Attends ! La chaleur de son corps ?

J’entrouve les paupières. Ma tête est posée… sur le torse nu d’Evaïs ! Il a un bras passé autour de mes épaules et il me serre contre lui. Ma main est posée près de son cœur, je n’ose la retirer.... Sa respiration est lente et régulière, il doit dormir. Je rougis. Il fait sombre…

Je me demande quelle heure il est...

Je me blottis un peu plus contre lui, profitant un peu de la situation et du confort de ses bras plus que je ne devrais.

- Ne te gènes pas surtout…, me dit-il, un sourire dans la voix.

- Pourquoi ? Cela dérange-t-il Monseigneur le Prince ?

Je l’entends rire doucement.
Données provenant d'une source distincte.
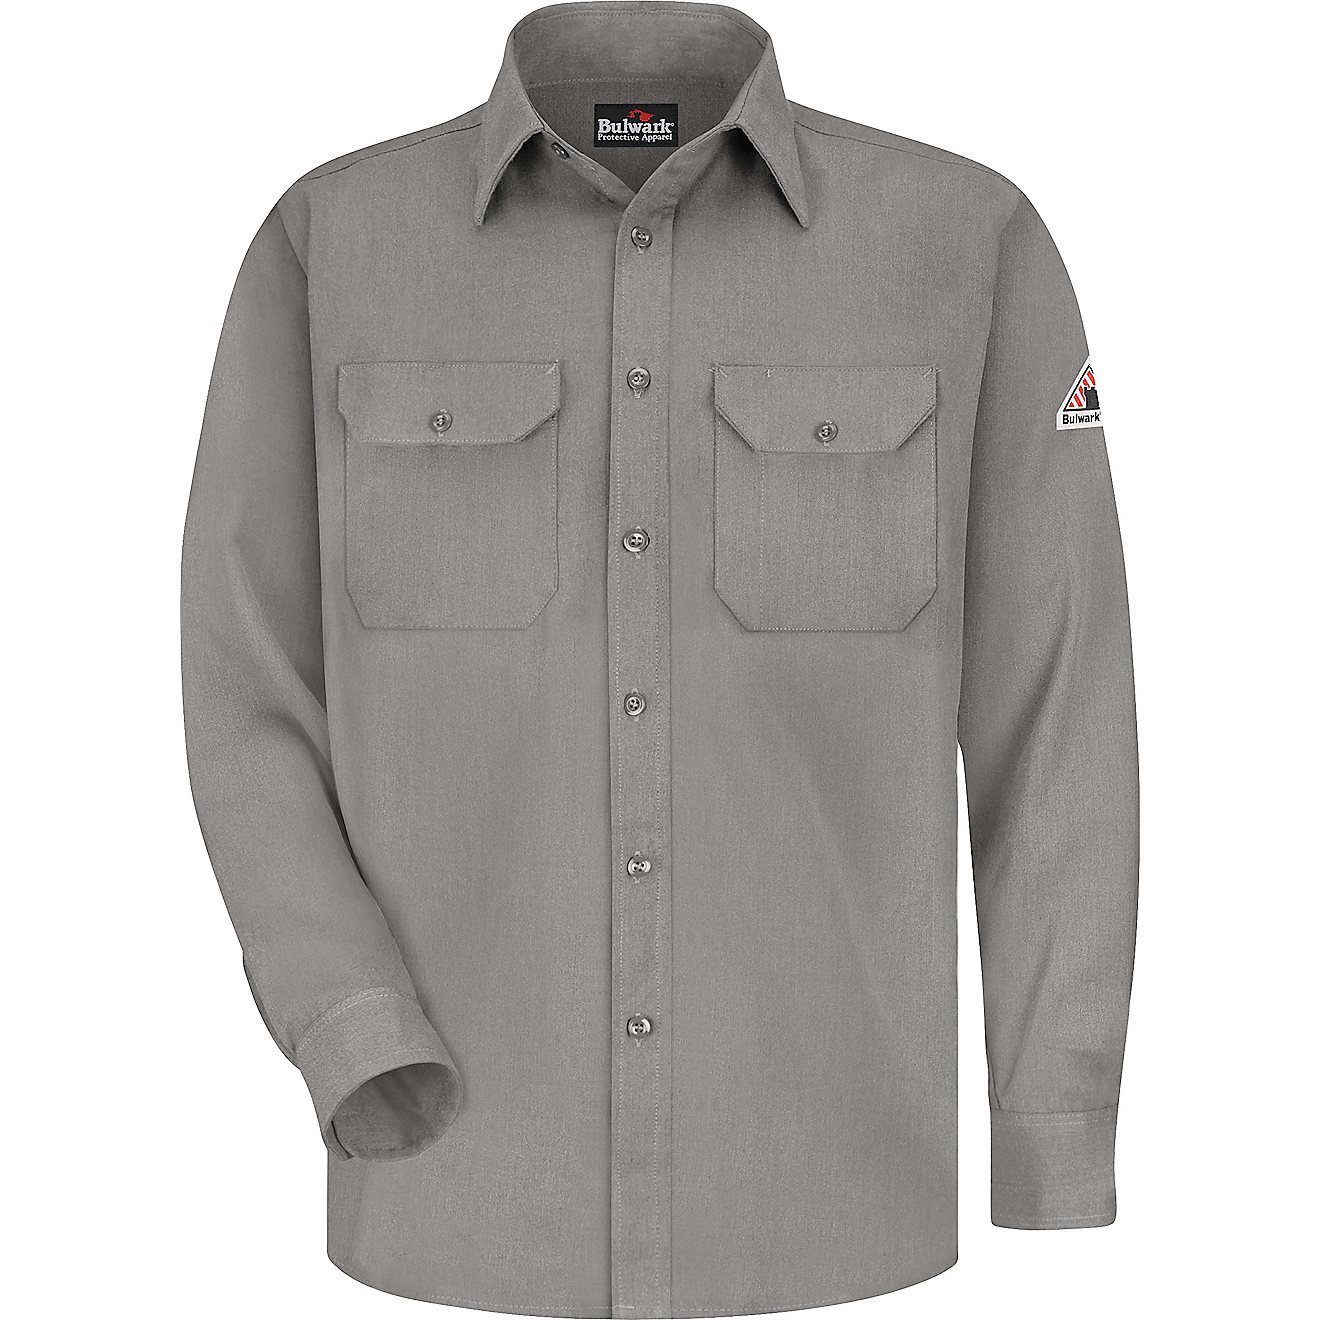 Bulwark Men's CoolTouch 2 Uniform Long Sleeve Work Shirt                                                                         - view number 1

Il resserre son étreinte et j’en profite pour lever la tête pour déposer un baiser sur ses lèvres. J’adore être près de lui.

- Comment te sens-tu ?

- Bien je dois dire… Enfin, mieux…

- Je l’espère ! En même temps, cela fait… trois jours que tu dors ainsi !

- Trois jours ! Oh non ! C’est une catastrophe !

- Mais pourquoi ? Que se passe-t-il ?

- Attends-moi une minute veux-tu ? Je dois d’abord aller voir Aoi…

- Je… Euh… Très bien, je t’attends.

Je repose ma tête sur son torse : je sais que je suis en sécurité avec lui. Je sens la caresse réconfortante de sa main dans mes cheveux. Je me connecte à Aoi. Il dort. Je ne sais pas si je dois le réveiller ou pas…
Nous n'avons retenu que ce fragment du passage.